The cost is very low on all the tests for C and D, never exceeding 2%, and usually below 1%. 



The reason I omitted XorShift128PlusRNG is because I don't think it will provide the security we desire. We are trying to defend against an attacker with an arbitrary read primitive (and probably arbitrary write). XorShift128PlusRNG's internal state is a mere two uint64s.

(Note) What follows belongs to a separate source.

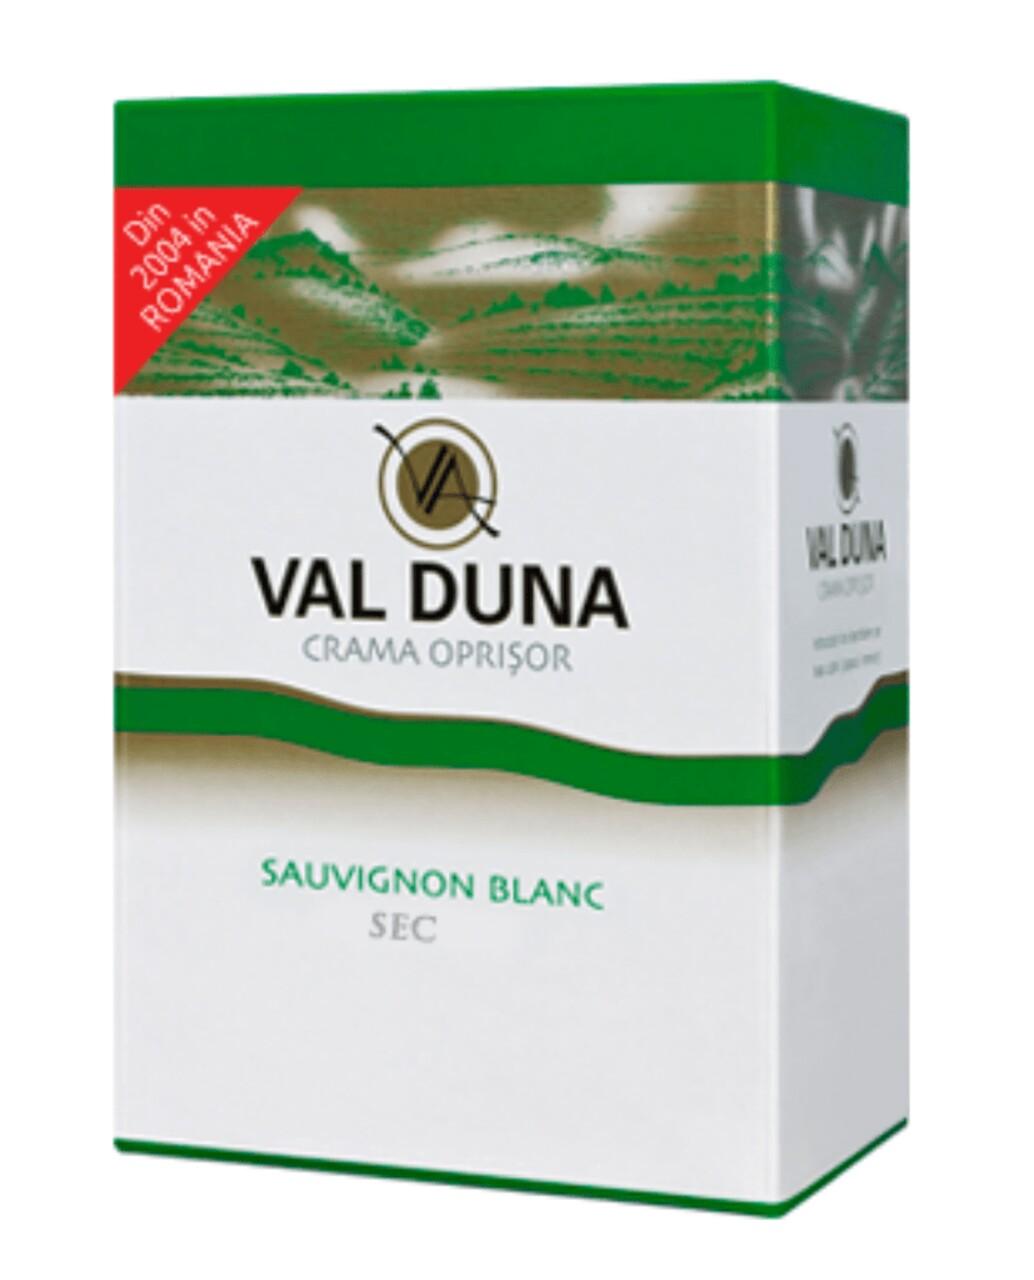 Oprisor Val Duna Sauvignon Blanc BIB 5L
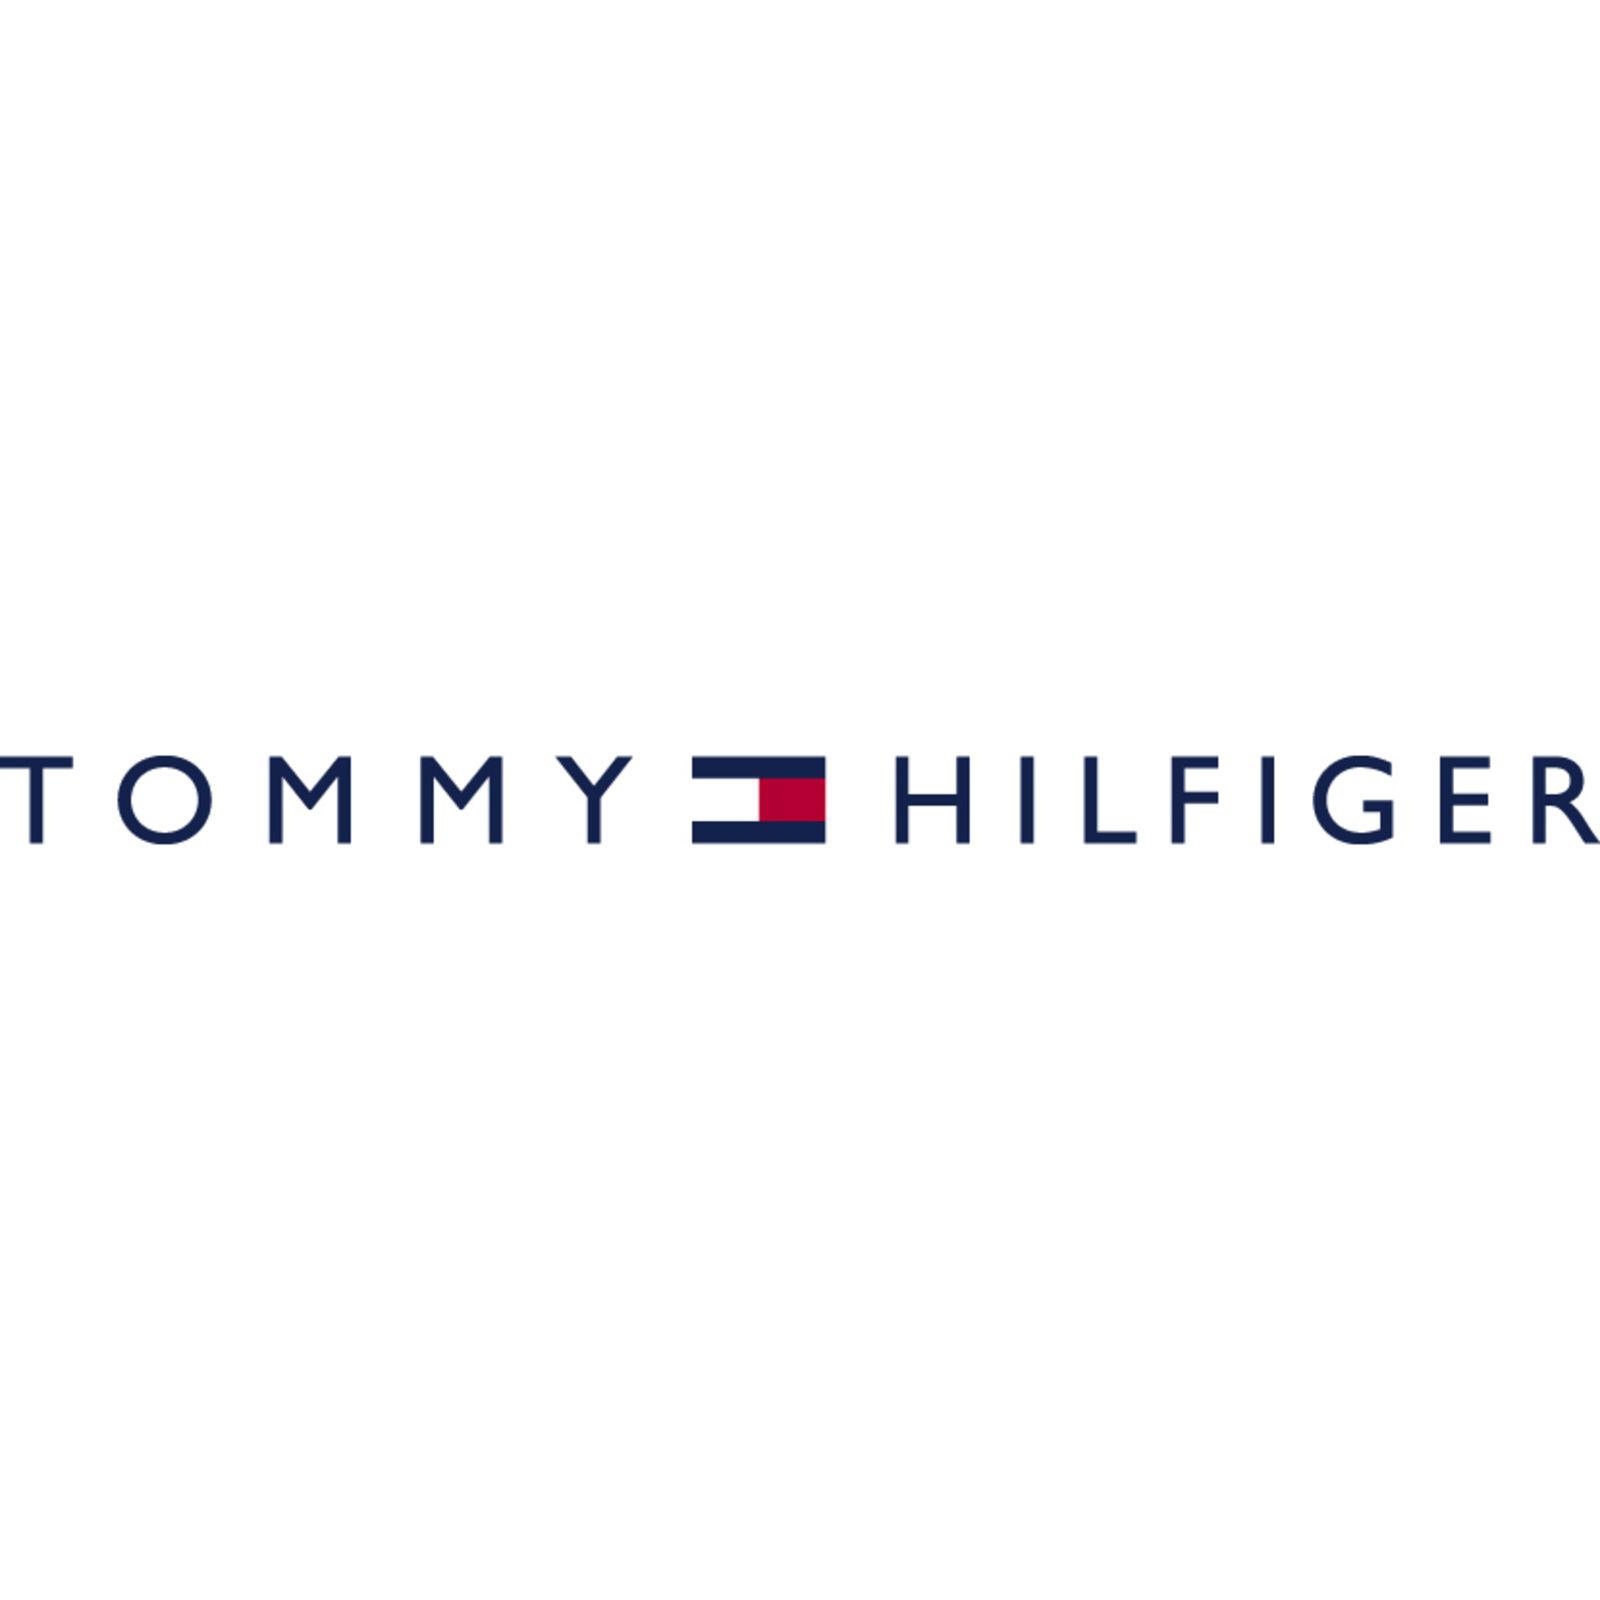 TOMMY HILFIGER STORE in Berlin (Bild 2)

An attacker would be able to locate and read that data and use it to predict the output sequence for JITed code, defeating the blinding.

In comparison, GenerateRandomSeed uses the system's RNG. An attacker would not be able to read kernel memory to be able to predict this output, and even if they did, it would be a TOCTOU race to read the data and then invoke a JIT before the expected output changed (from mixing or other uses of the RNG).  

XorShift128PlusRNG won't be faster than variant A, and since the cost between C (or D) and A is not very high, I'd strongly prefer to stay with GenerateRandomSeed.



I have not analyzed opcode tables to come to a conclusion on blinding only int16 and above. It's probably okay, cause Chrome and Edge do it, but I want to conclude the same myself.
(In reply to Tom Ritter [:tjr] from comment #41)
> If you think the data is suspect and you want me to gather more, or in a
> different manner, I'll do that if you let me know what you'd like to see. 
> But otherwise, I'll continue assuming this data is good:

We should also measure compilation time explicitly, for instance for Wasm Baseline compilation. It would also be good to measure on Linux and OS X too, as we have different RNGs there.

> An attacker would
> be able to locate and read that data and use it to predict the output
> sequence for JITed code, defeating the blinding.

If an attacker is that far, couldn't they just clobber the AssemblerBuffer Vector directly and write their payload at offset 0? Easier than messing with our RNG state :)

> I have not analyzed opcode tables to come to a conclusion on blinding only
> int16 and above. It's probably okay, cause Chrome and Edge do it, but I want
> to conclude the same myself.

* Note that last I checked, V8 used constant blinding only in their Baseline JIT. Maybe that changed with Turbofan, do you know? If not we shouldn't take them too seriously and assume they don't do constant blinding.

* I still think we should have explicit macro assembler methods that do constant blinding instead of "hiding" it in move32 - many callers of move32 don't want blinding (because they're just moving a known constant). One approach here would be to have TrustedImm32 and UntrustedImm32 types.

* There are a lot of other ways to add constants to the assembler buffer, for instance float32 and doubles... We should probably do an audit. Then there are methods like push/pushValue etc that might bypass move32...
(In reply to Jan de Mooij [:jandem] from comment #42)
> If an attacker is that far, couldn't they just clobber the AssemblerBuffer
> Vector directly and write their payload at offset 0?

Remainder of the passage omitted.